Add an Elasticsearch API Source for Cribl Search
Collect events sent via the Elasticsearch bulk API so you can search them fast with Cribl Search.
What’s an Elasticsearch API Source in Cribl Search?
A Cribl Search data source that receives events from systems that use the Elasticsearch bulk API, such as Beats and Elastic Agent, and stores them in a lakehouse engine for fast access.
Looking for the Elasticsearch API Source in Cribl Stream? See Elasticsearch API Source in Cribl Stream.
To search your Elasticsearch index with federated search-in-place queries, see Connect Cribl Search to Elasticsearch.
What You Need First
To set up this Source, you need:
- Cribl.Cloud Enterprise. For details, see Pricing.
- A lakehouse engine. Get one at lakehouse engines.
- Search Admin Permission, or higher. Learn who can do what at Cribl Search Permissions.
You don’t need Cribl Stream, Edge, or Lake.
Add an Elasticsearch API Source for Cribl Search
On the Cribl.Cloud top bar, select Products > Search > Data > Add Source > Elasticsearch API.
1. Describe Your Source
Under General, give your Source an ID and Description, so you and other Search Admins know what the Source is for and if it’s safe to modify.
The ID must be unique across your Workspace and can contain letters, numbers, underscores, and hyphens. Cribl Search
prefixes it with in_ on save (for example, elasticsearch_api becomes in_elasticsearch_api).

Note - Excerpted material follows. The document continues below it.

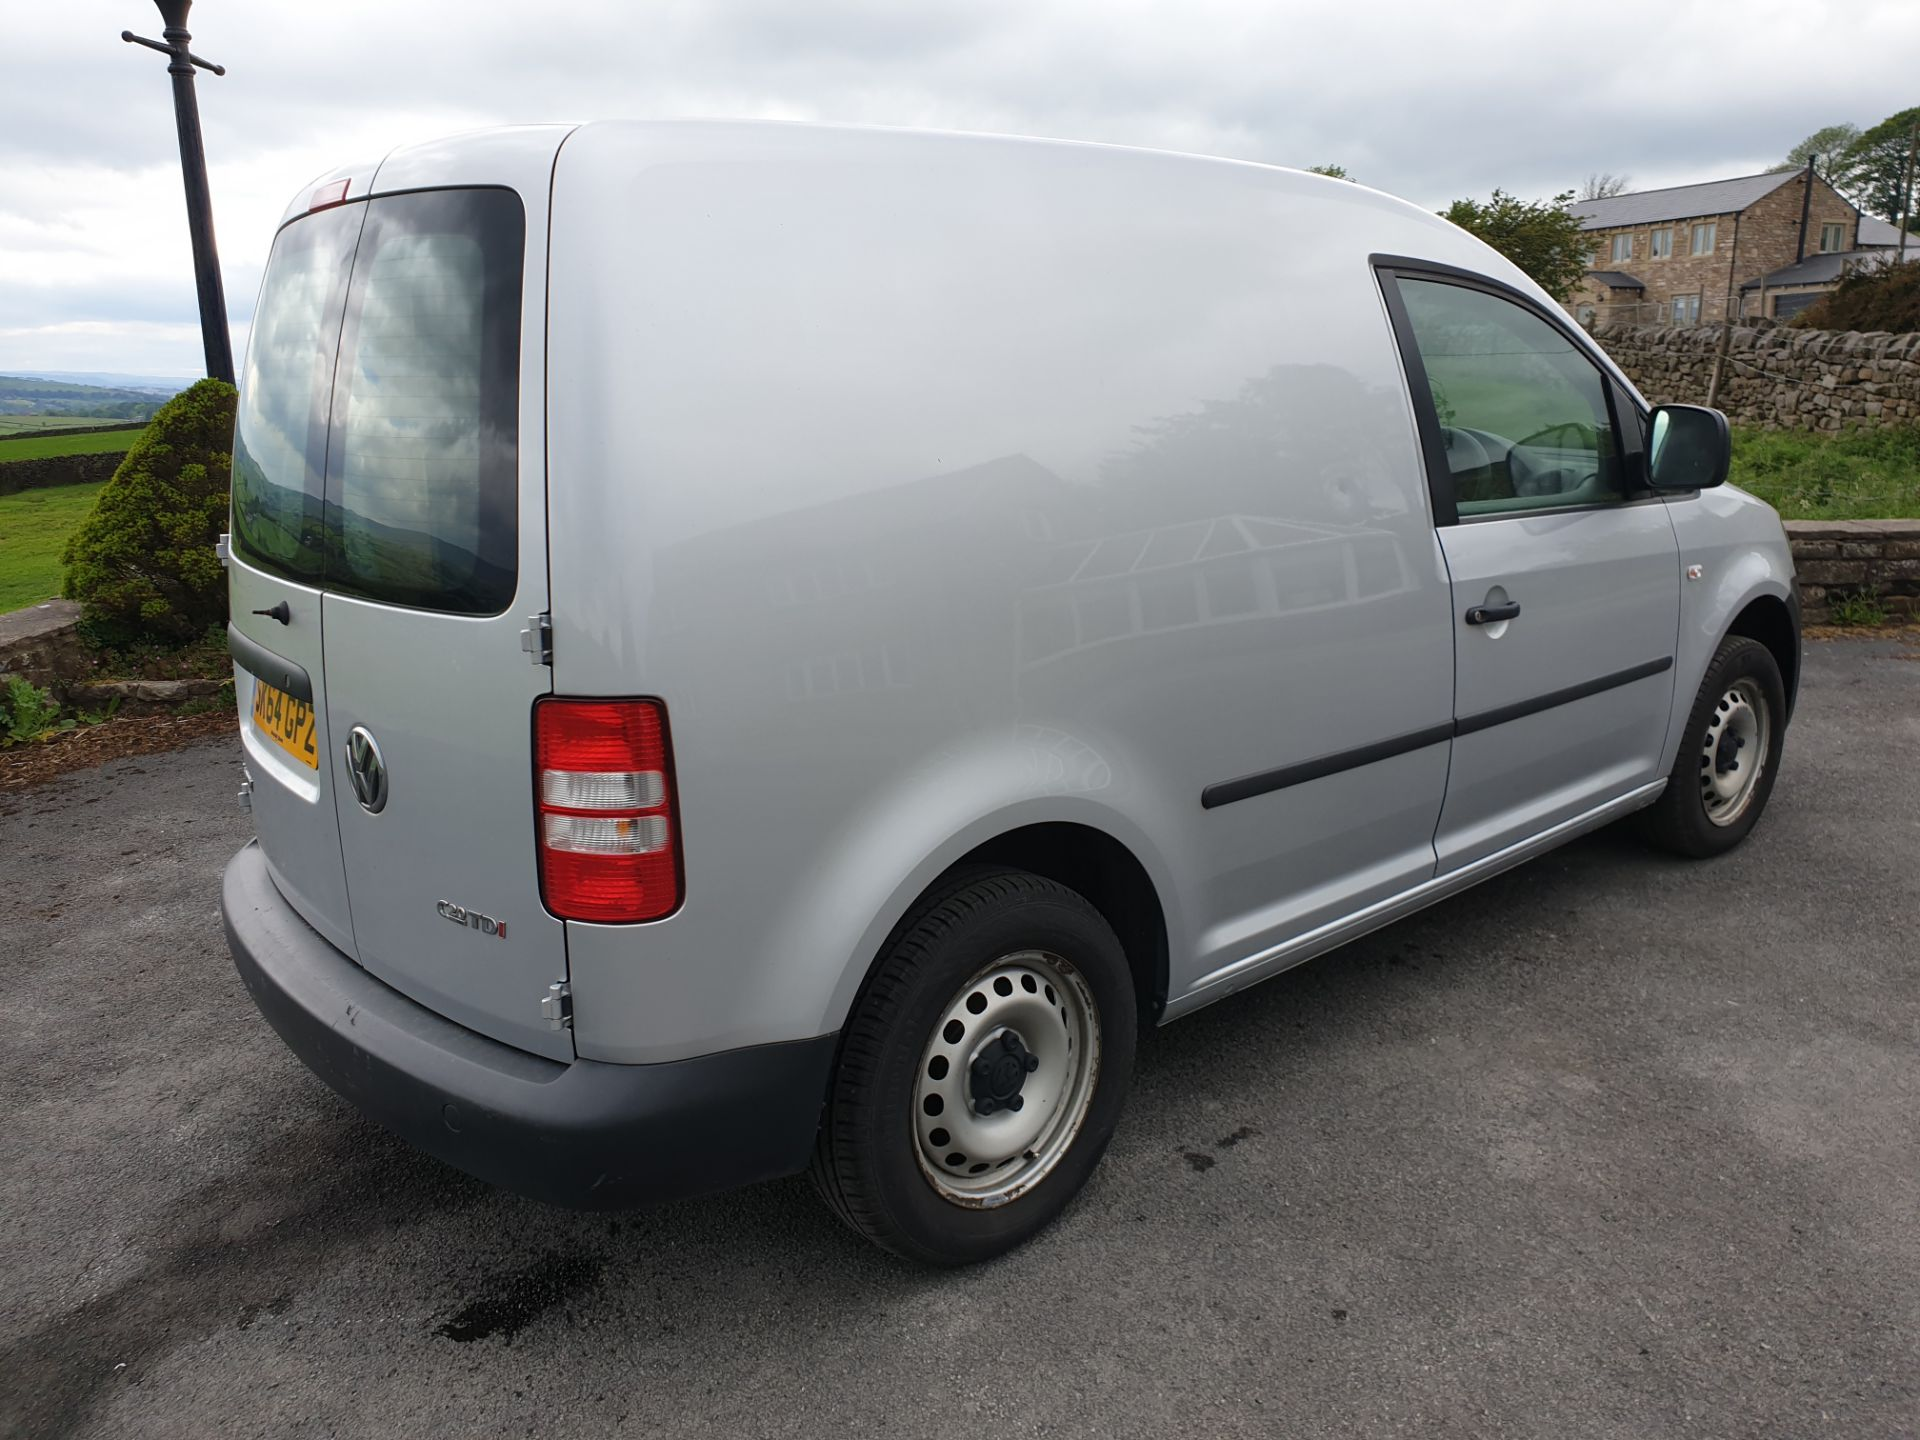 Lot 7 - 2014 / 64 VW Caddy

2. Note the Source Endpoint
Under General, note down the Address and Port. You’ll need them to configure your upstream Beats or Elastic Agent to send data here.
Keep the default port unless it conflicts with another service.
3. Set Up Encryption
TLS encryption protects your data in transit between upstream senders and this Source.

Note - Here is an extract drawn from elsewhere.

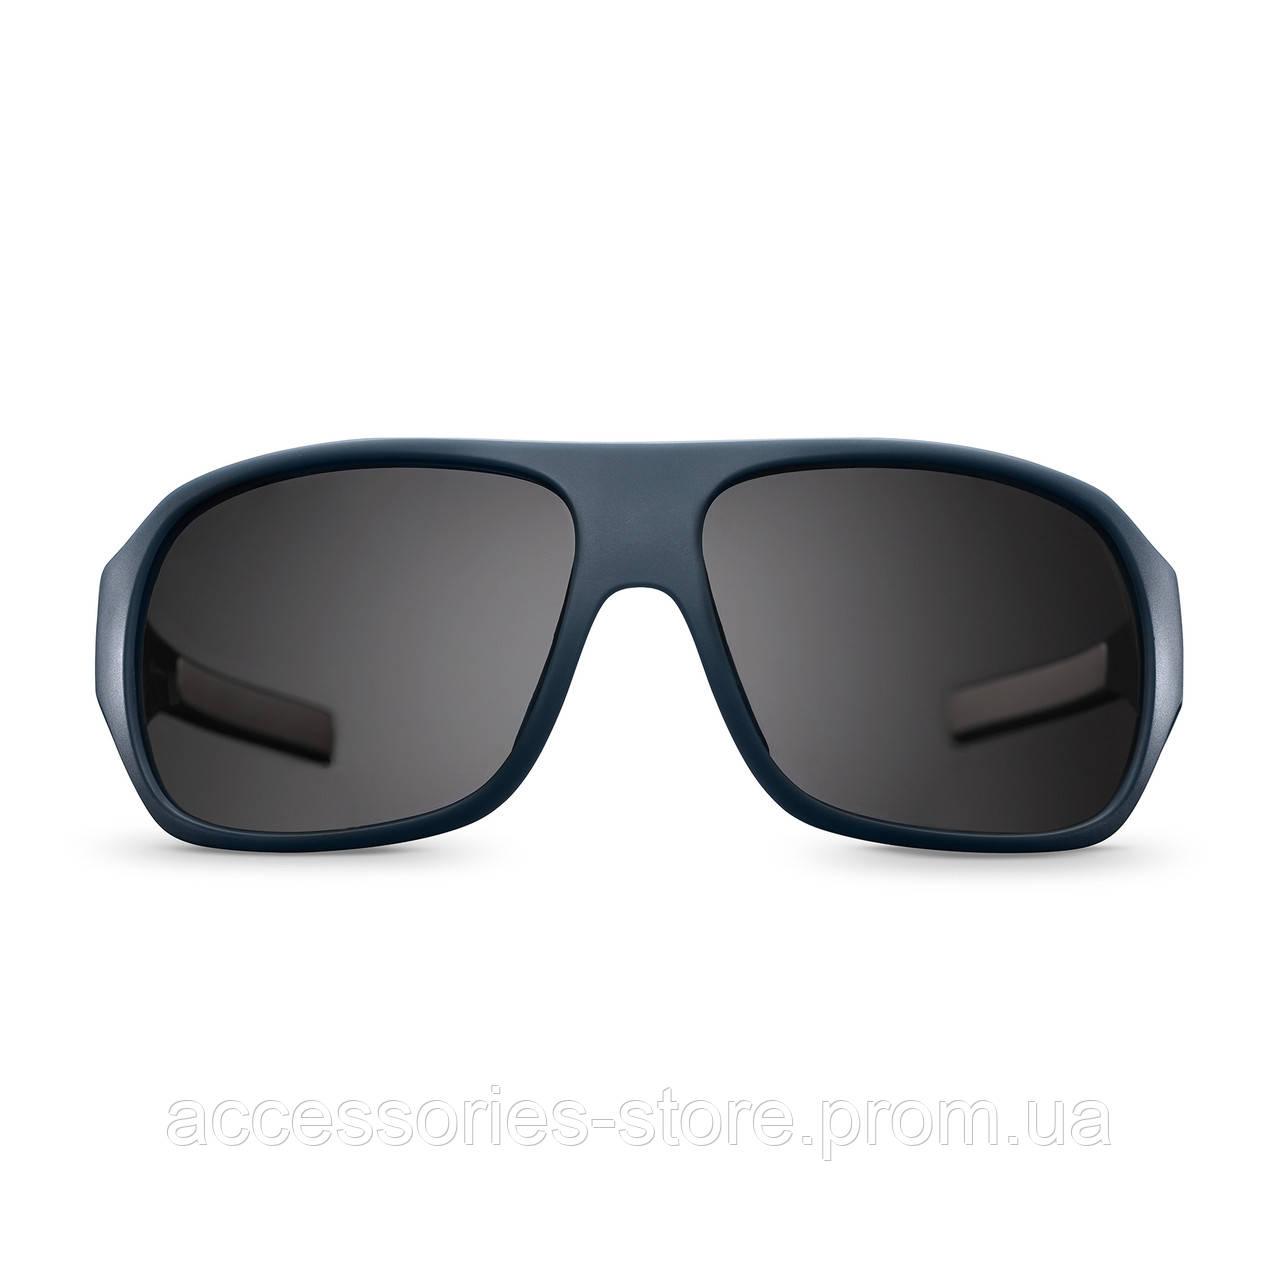 Cолнцезащитные очки Volvo Poc Do Low, Sunglasses

Under Encrypt, select Enabled, and set the Minimum TLS version you want to accept.
| TLS version | When to use |
|---|---|
| 1.3 | Recommended. Provides the best security. |
| 1.2 | Use only when connecting to older systems that don’t support TLS 1.3. |
| Older than 1.2 | Avoid if possible. These versions are no longer considered secure. |
4. Set Up Authentication
Authentication ensures only authorized senders can push data to your Source.
Under Authentication, select the Authentication type you want to use:
- None: No authentication. Use only for testing or trusted internal networks.
- Basic: Authenticate with a username and password.
- Basic (credentials secret): Authenticate with a stored text secret that holds the credentials.
- Auth Tokens: Authenticate with bearer tokens.
Basic
Authenticate with a username and password that you set for Cribl Search. This is what your upstream sender (such as Beats or Elastic Agent) will need to provide when sending data to your Source endpoint.
When setting up authentication for your Elasticsearch API Source:
- Under Authentication, select Basic.
- Create a new Username and Password for this Source.
- Configure Elasticsearch to provide the new username and password when sending data to your Source endpoint.
Basic (Credentials Secret)
Authenticate using a stored credentials secret instead of entering a username and password directly. This keeps credentials out of your Source configuration and makes them easier to rotate.
When setting up authentication for your Elasticsearch API Source:
- Under Authentication, select Basic (credentials secret).
- In Credentials secret, select a stored text secret that holds the credentials, or choose Create to add a new one (see Create and Manage Secrets).
- Configure Elasticsearch to provide the secret when sending data to your Source endpoint.
Auth Tokens
An authentication token is a secret shared between Cribl Search and your upstream Elasticsearch instances. Using tokens ensures only authorized senders can push data to your Source.
When setting up authentication for your Elasticsearch API Source:
- Under Authentication, select Auth Tokens.
- Select Add Token, and configure:
- Token secret (text secret): Select a stored text secret that holds the token, or choose Create to add a new one (see Create and Manage Secrets).
- Enable token: Turn on to require this token for incoming requests to your Source. Disable only when testing without authentication.
Next Steps
Confirm with Save. Now, you’re ready to:
- Set Datatype rules for parsing your data. See Shape Your Data.
- Set Dataset rules for organizing your data. See Organize Your Data.
- Configure your Beats or Elastic Agent to send data to the Source endpoint.